On March 26, 2013, during our trip to Florida for Spring Break, we had the amazing opportunity to visit the Epcot theme park for the day. Though we spent the day hitting the rides we usually hit, and a new experience in Innovations (See Habit Heroes Article), we were even more excited for the new version of Test Track, recently renovated. This version, now sponsored by Chevy, featured the way cars are designed, rather than how they are tested. At first glance, and from reports about the ride, it seemed to be just as great as the original Test Track, but it turned out to be better.
Because of our normal schedule of getting into the park, sending either me (Quinn), or Dad (Ed), to get fastpasses for Soarin’, we missed the huge development of the stand-by line at Test Track. It was at 40 minutes so we decided to take the single rider line, to avoid the long wait. Though it was obvious the normal line had a more in-depth demonstrations about how cars were designed, the line we went on, had a slick silver sports car, and models of engines, one normal one, and one that seemed futuristically possible. We also passed through the area were we would choose our design.
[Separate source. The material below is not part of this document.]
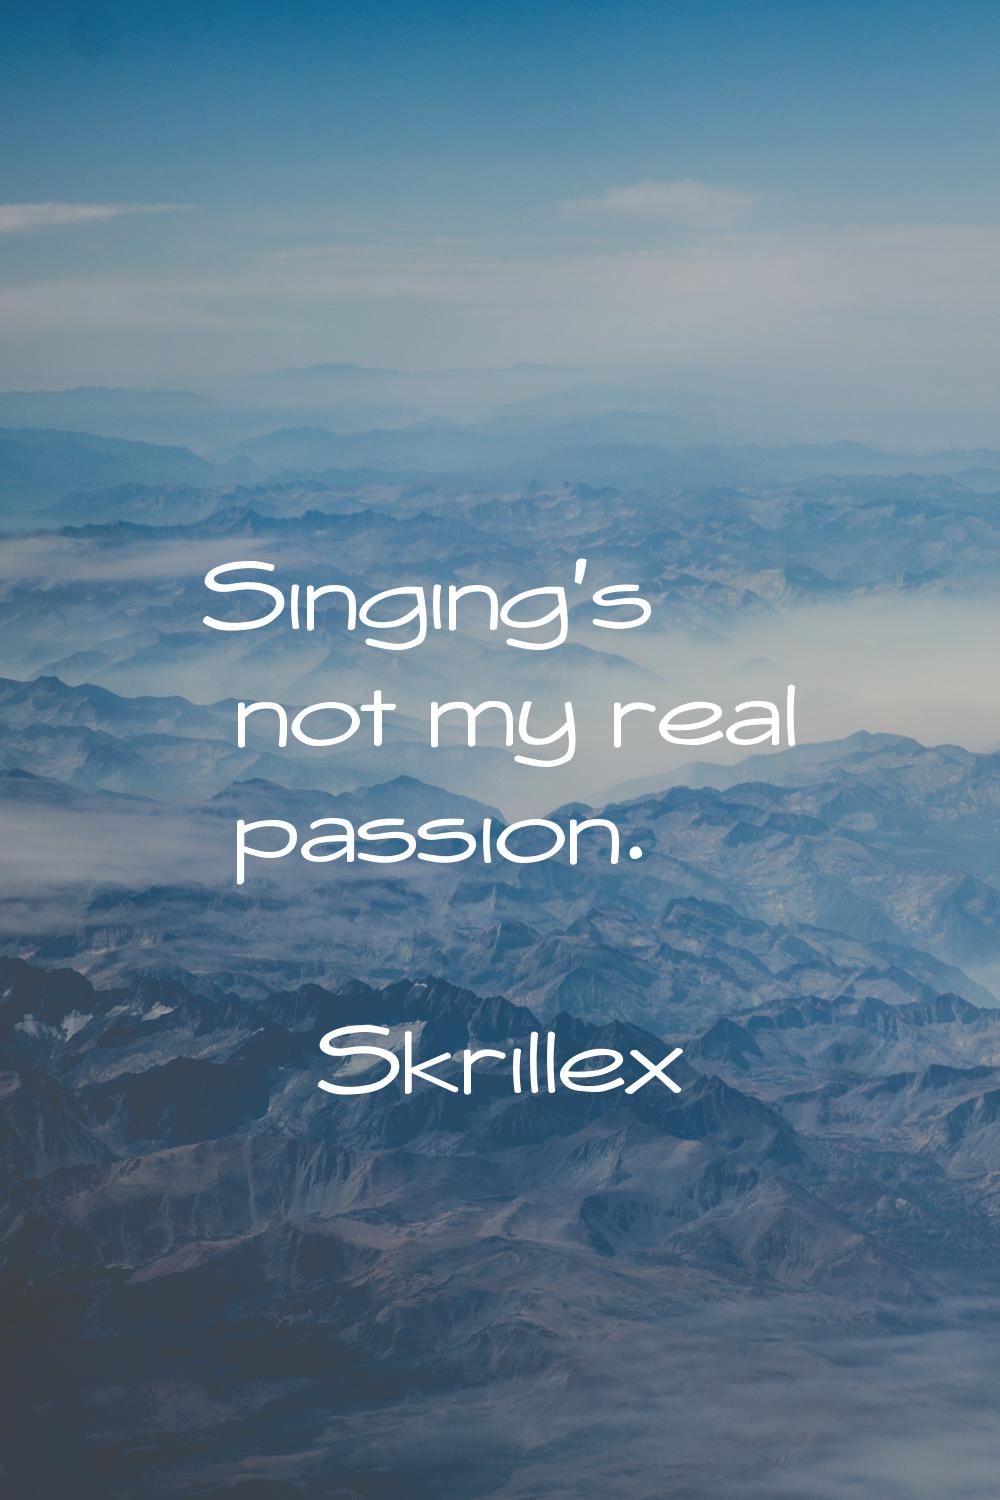 Singing's not my real passion.

The monitors were on a platform, about four on each side of the platform, and displayed a choice of four different attributes of a car, Power, Efficiency, Responsiveness, and Speed. After you chose one, it would give you a set of cars to pick, and you would record that onto either your Key to the Kingdom card, available only if you were staying at a resort hotel, or a white card given at the beginning of the platform.
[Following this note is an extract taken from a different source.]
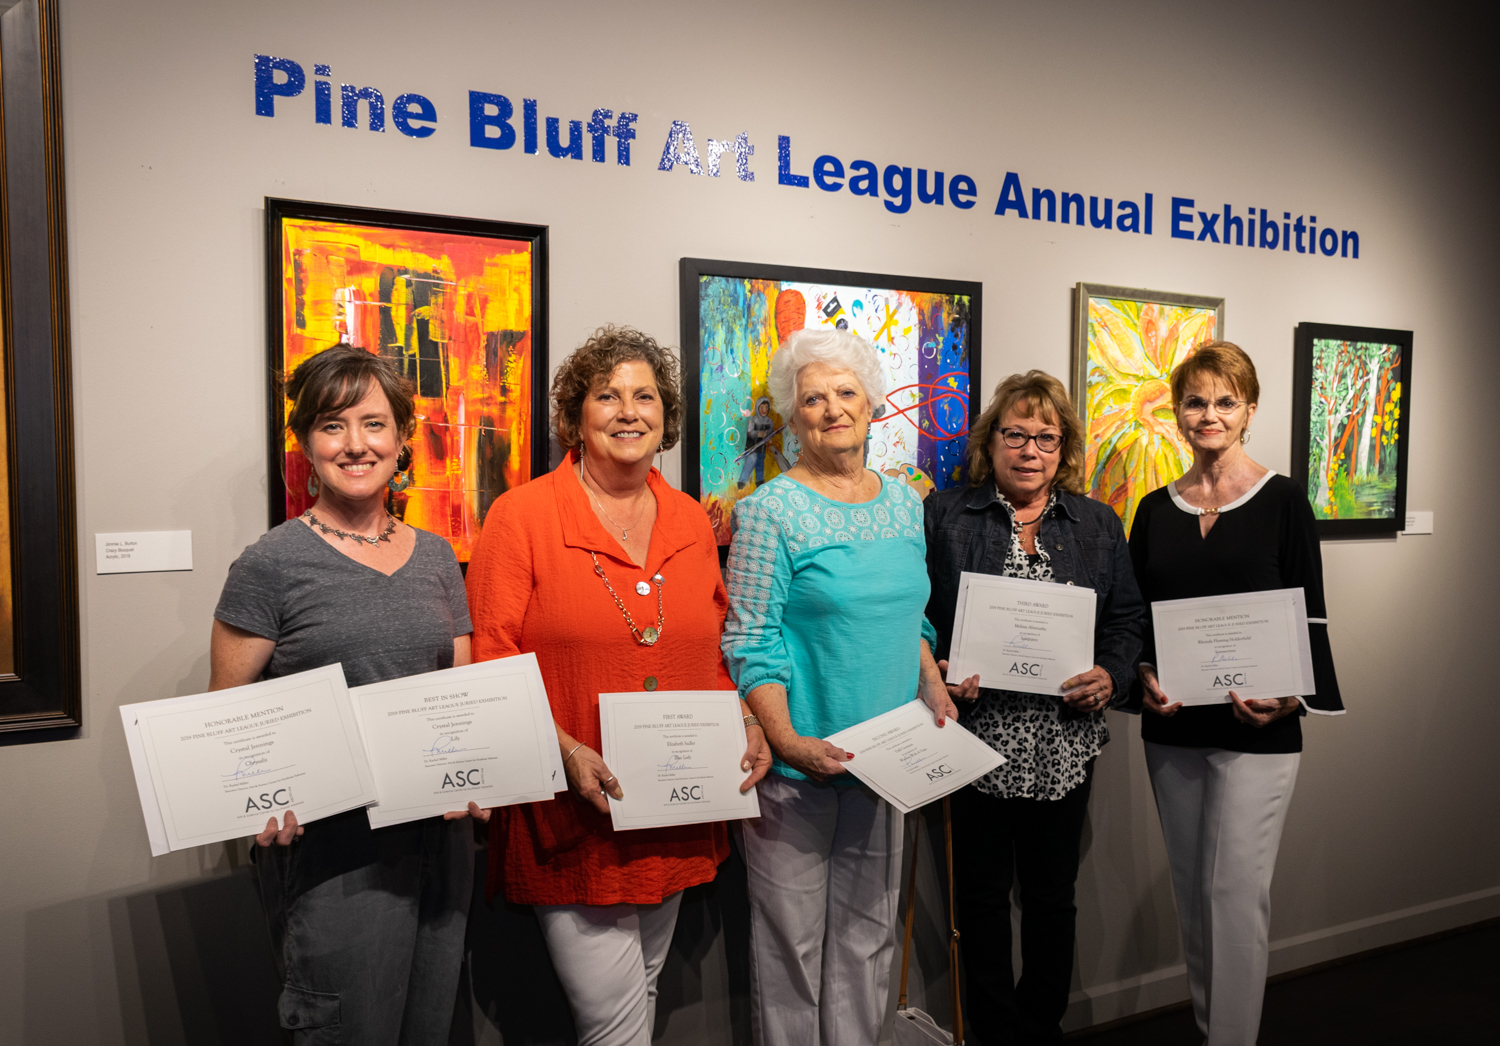  The winners of the 2019 Pine Bluff Art League Annual Exhibition are (from left) Crystal Jennings (Best in Show and Honorable Mention), Elizabeth Sadler (First Place), Dell Gorman (Second Place), Melissa Abernathy (Third Place), and Rhonda Fleming Ho

One thing I noticed as we walked through the line is that the single riders have to choose from a set of cars that were pre-made, while the normal line riders would be able to shape and mold their car choice. This was discovered as we walked through the line, because of a glass wall that looked down on the normal line’s monitors. After going through where the engines were displayed, the loading dock for the cars came into view, where you would be matched up with any odd numbered party.
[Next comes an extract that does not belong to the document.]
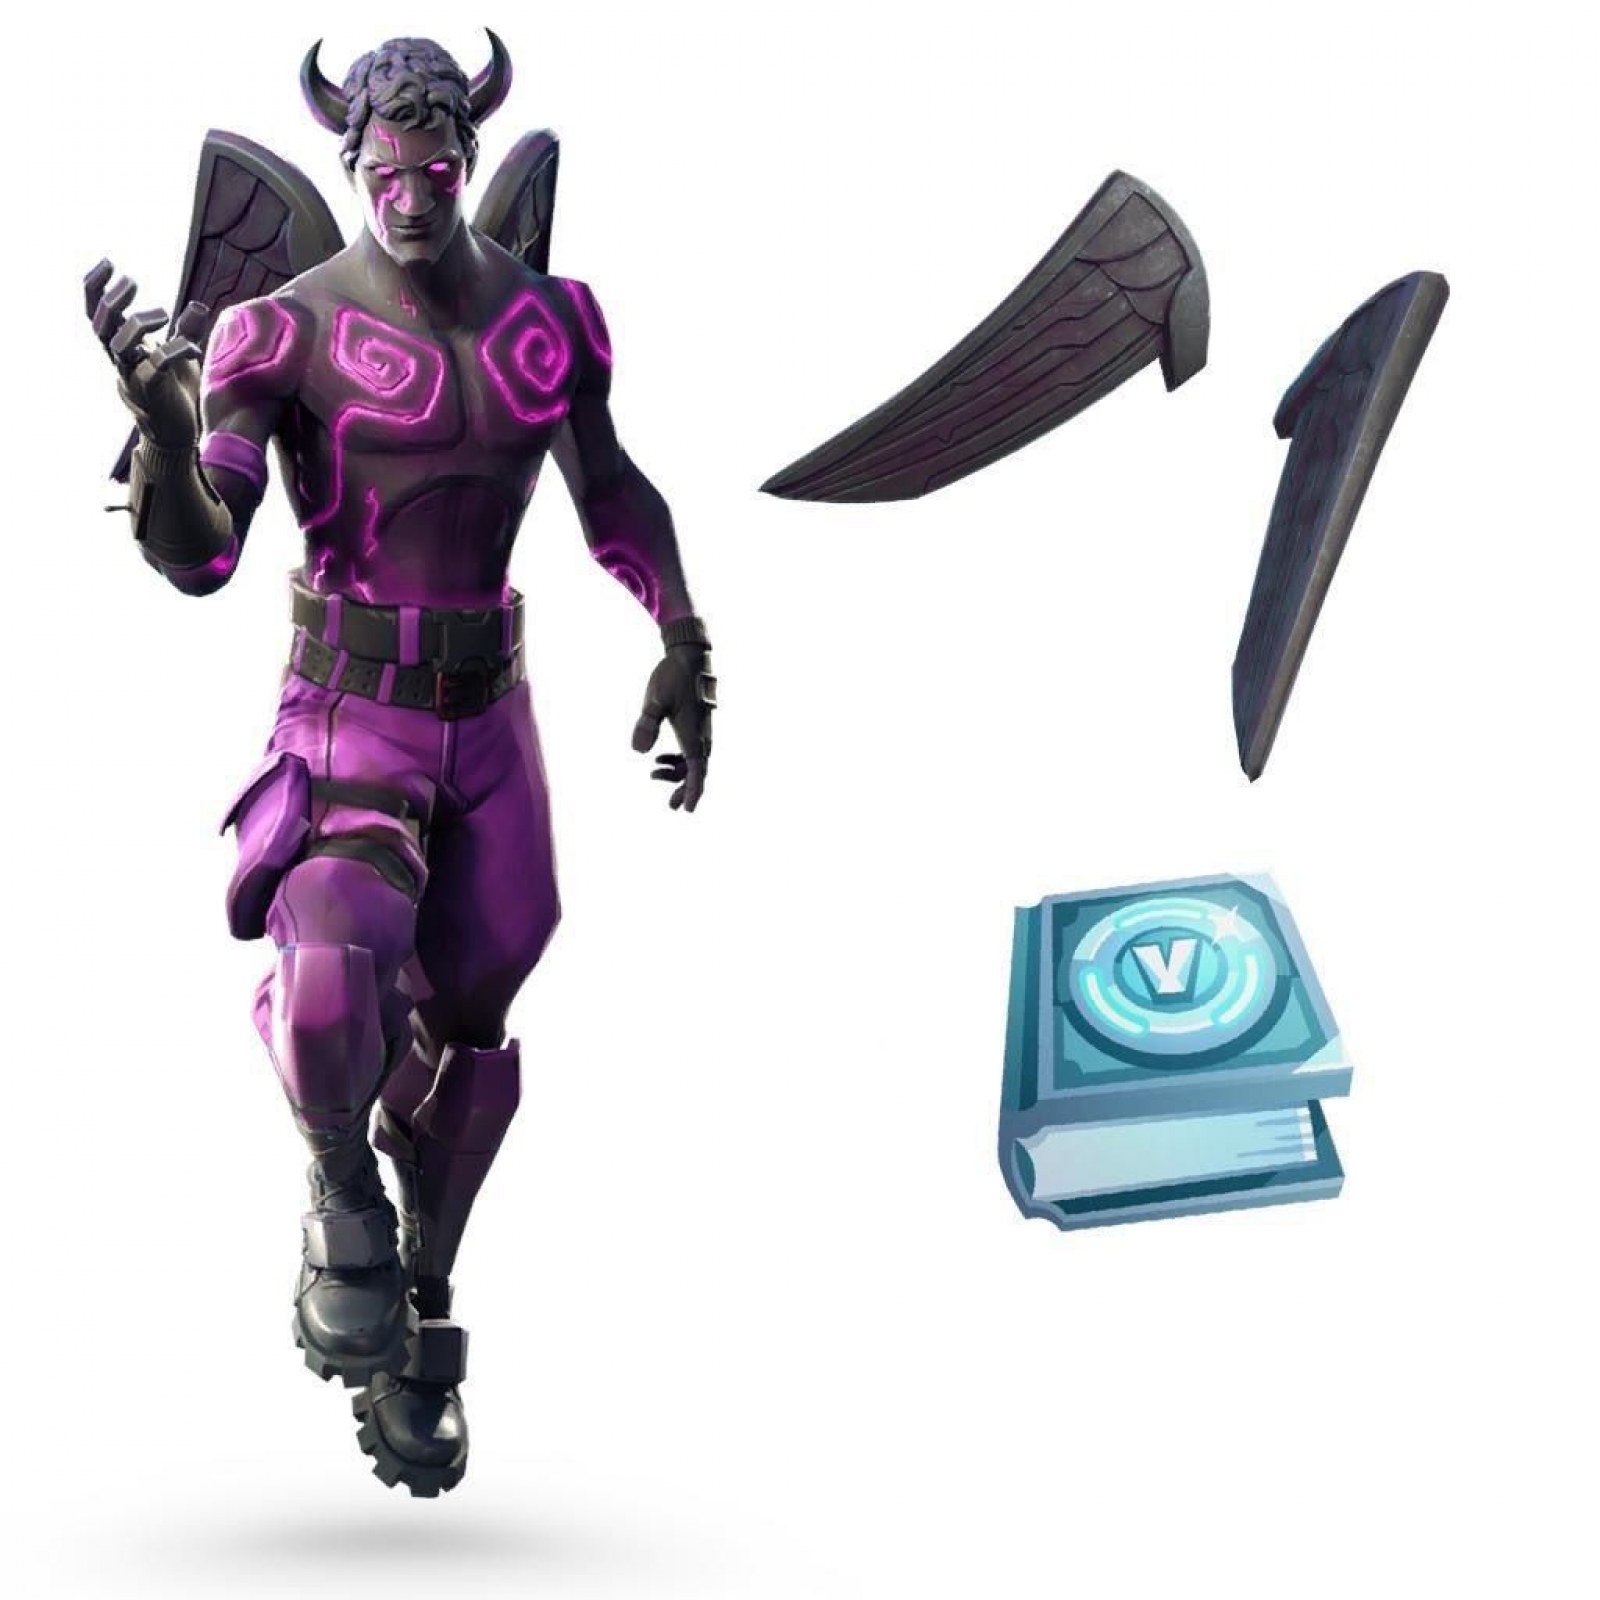 How To Get The Fallen Angel Fortnite Fortnite Fallen Love Ranger Pack Challenges How To Unlock New Skin For Free Technically

Due to what I suspect is a way to cut down the price of this renovation, the track wasn’t different, at all. What was around the track was. After going through the Seatbelt check, the cars, now designed like they had technological wires running around the car, took you up the hill where the power test would be conducted. This was tested by going down the track at a high speed, and using the brakes. After going through the test, the results were shown, ranking our virtual cars that we made by earlier. Next, the Efficiency was tested, by going through various tests to decipher that miles per gallon, and the aerodynamics of the created cars. Once again the results were shown. The Responsiveness test was next, and this test had you curving around the winding road, through the forest. After almost colliding with a virtual truck, the results are again shown (My car ranked first for this one). Next was the one everybody enjoys, which was the Speed test. This sent you flying against a wall, only for it to open just before you hit it, sending you to the outdoor track, which loops around the back parking lot, and to the front of the attraction. After the rankings are shown, you are taken back to the loading dock, where you would exit.
After you get your photos from the Speed Test, you enter a room where you can create your own car commercial, using your virtual car. Unfortunately, we did not get to experience this as we walked to the next room. In the next room, there were games, in which there was a track, and you could key in your car to race around a virtual track. Continuing on, there were car models filling half the room, as another room revealed the gift shop. We had to return our cards, as they were to be reused by other riders.
In my opinion, this ride was just as great, if even better than the original. One downside I found was the tests were just put in to match the track, but besides that, the ride fit together nicely. It was nice to see how the cars were created, for the four attributes, and how a balance of each was a great car.